- **WORK INSTRUCTIONS**
In the records below, repeat word for word only the lines starting at the one that contains "KHRRCSM201-8 Cartridge Bearing" and ending at the one that contains "Australie N1917-1918** - Mint Stamps", pictures excluded.

- **DATA**
Segment Open
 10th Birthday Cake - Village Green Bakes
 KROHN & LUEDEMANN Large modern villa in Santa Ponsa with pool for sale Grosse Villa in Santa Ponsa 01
Segment Closed
Segment Open
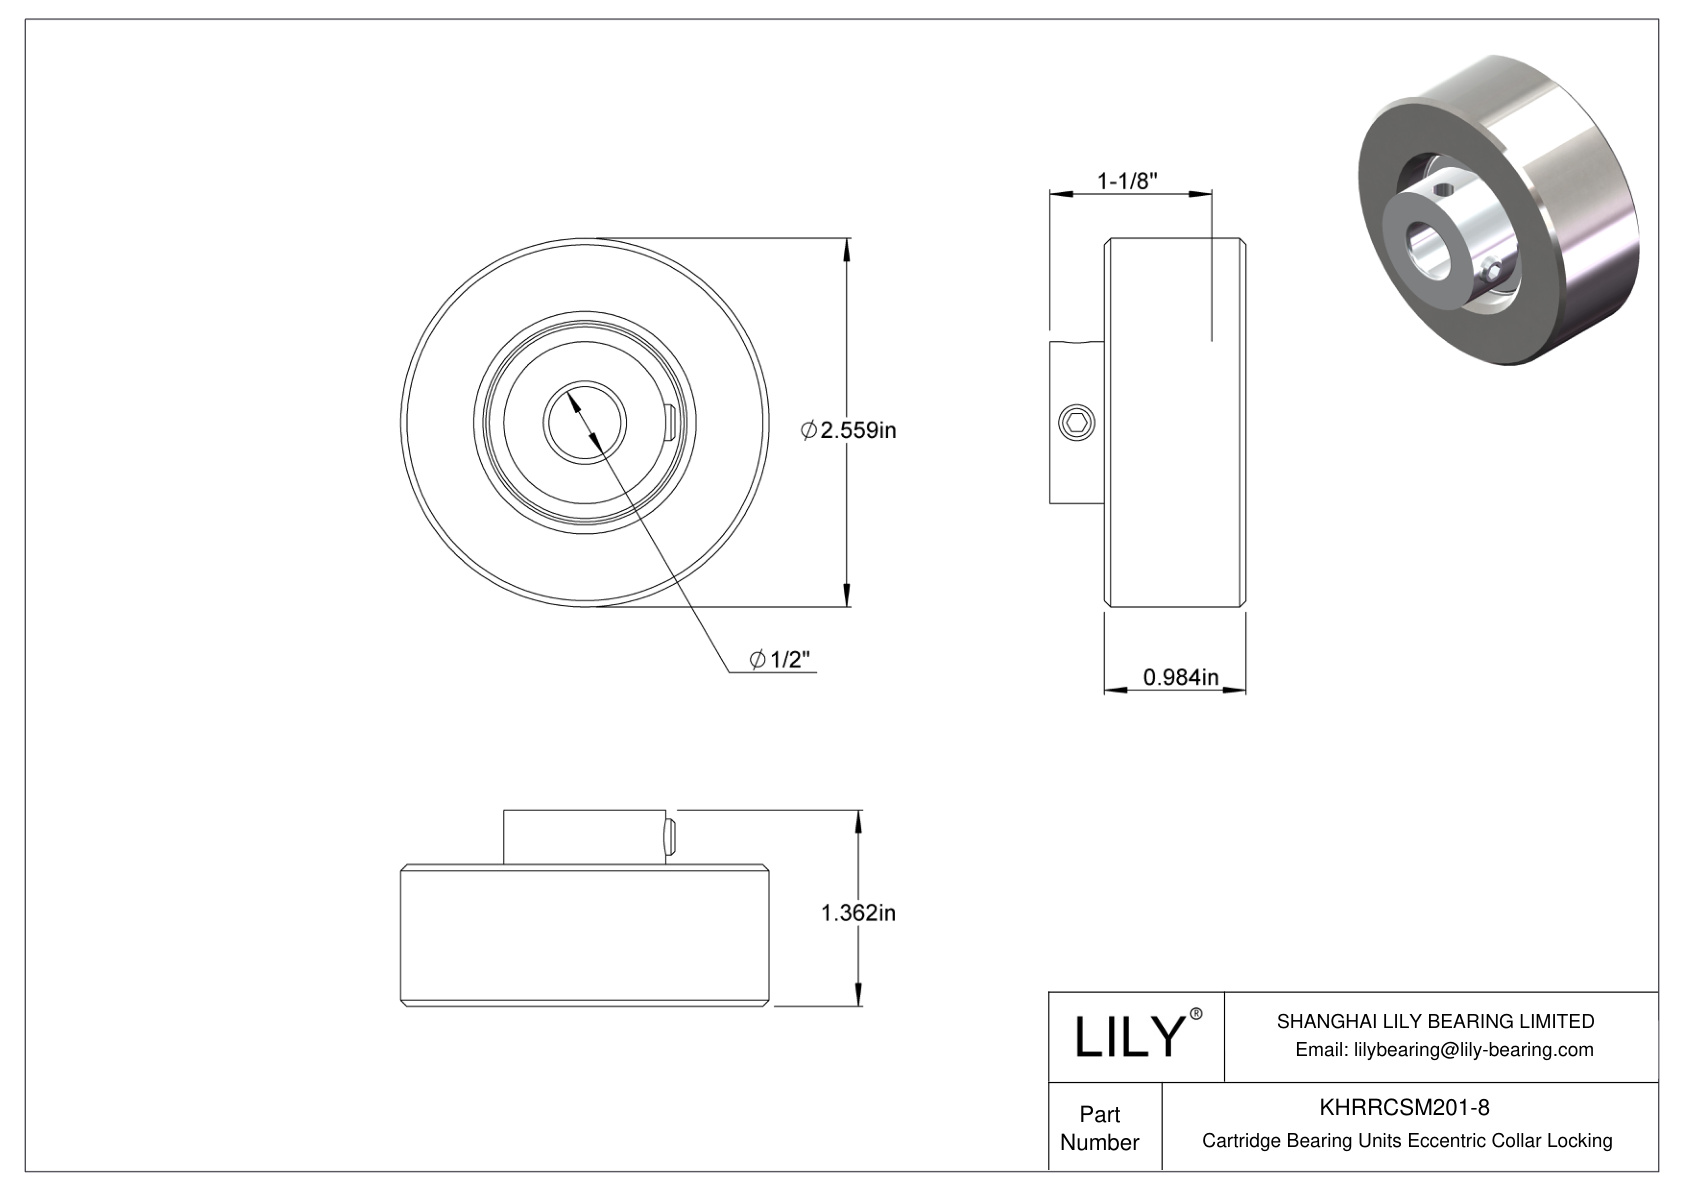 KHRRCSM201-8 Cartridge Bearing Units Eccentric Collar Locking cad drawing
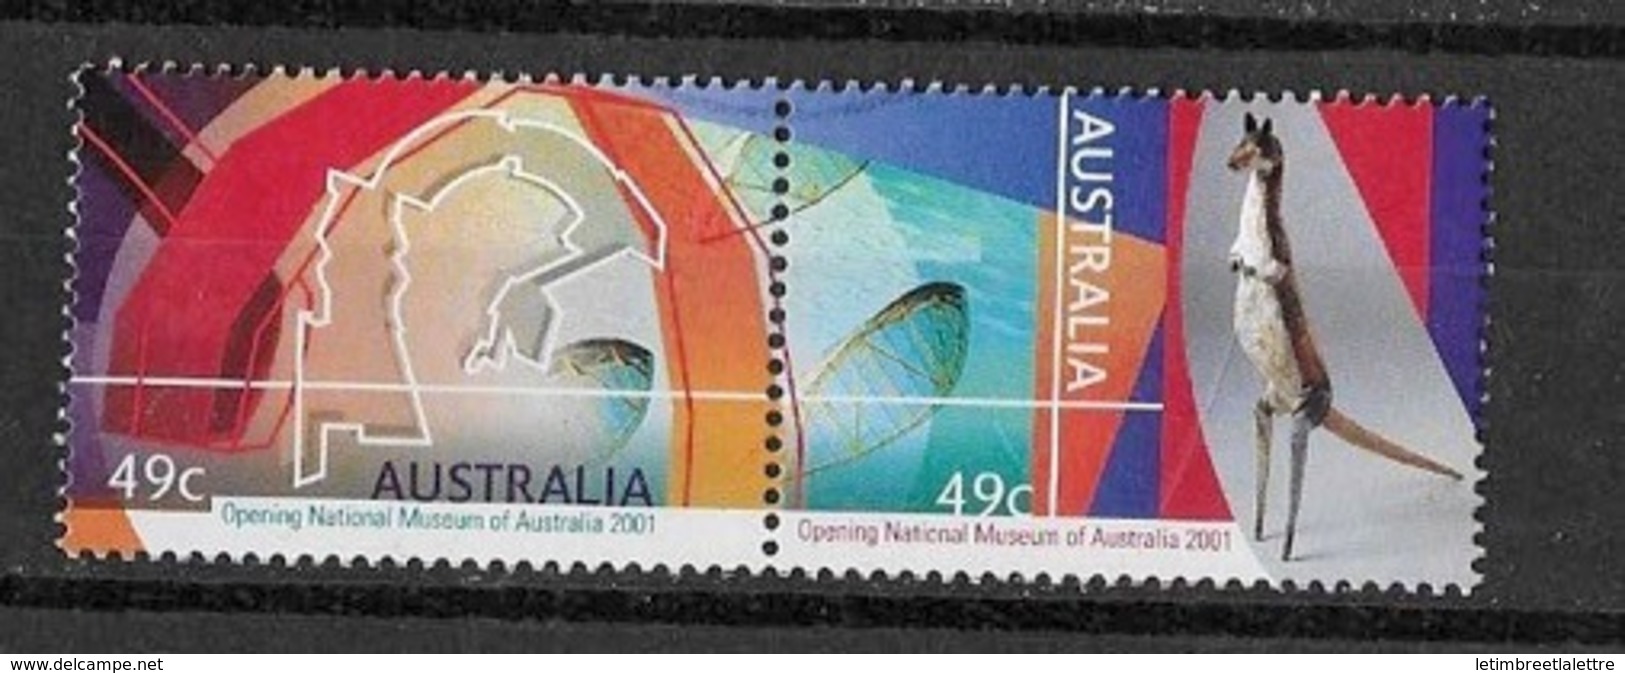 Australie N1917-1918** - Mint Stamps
Segment Closed
- **EXERCISE RESULT**
 KHRRCSM201-8 Cartridge Bearing Units Eccentric Collar Locking cad drawing
 Australie N1917-1918** - Mint Stamps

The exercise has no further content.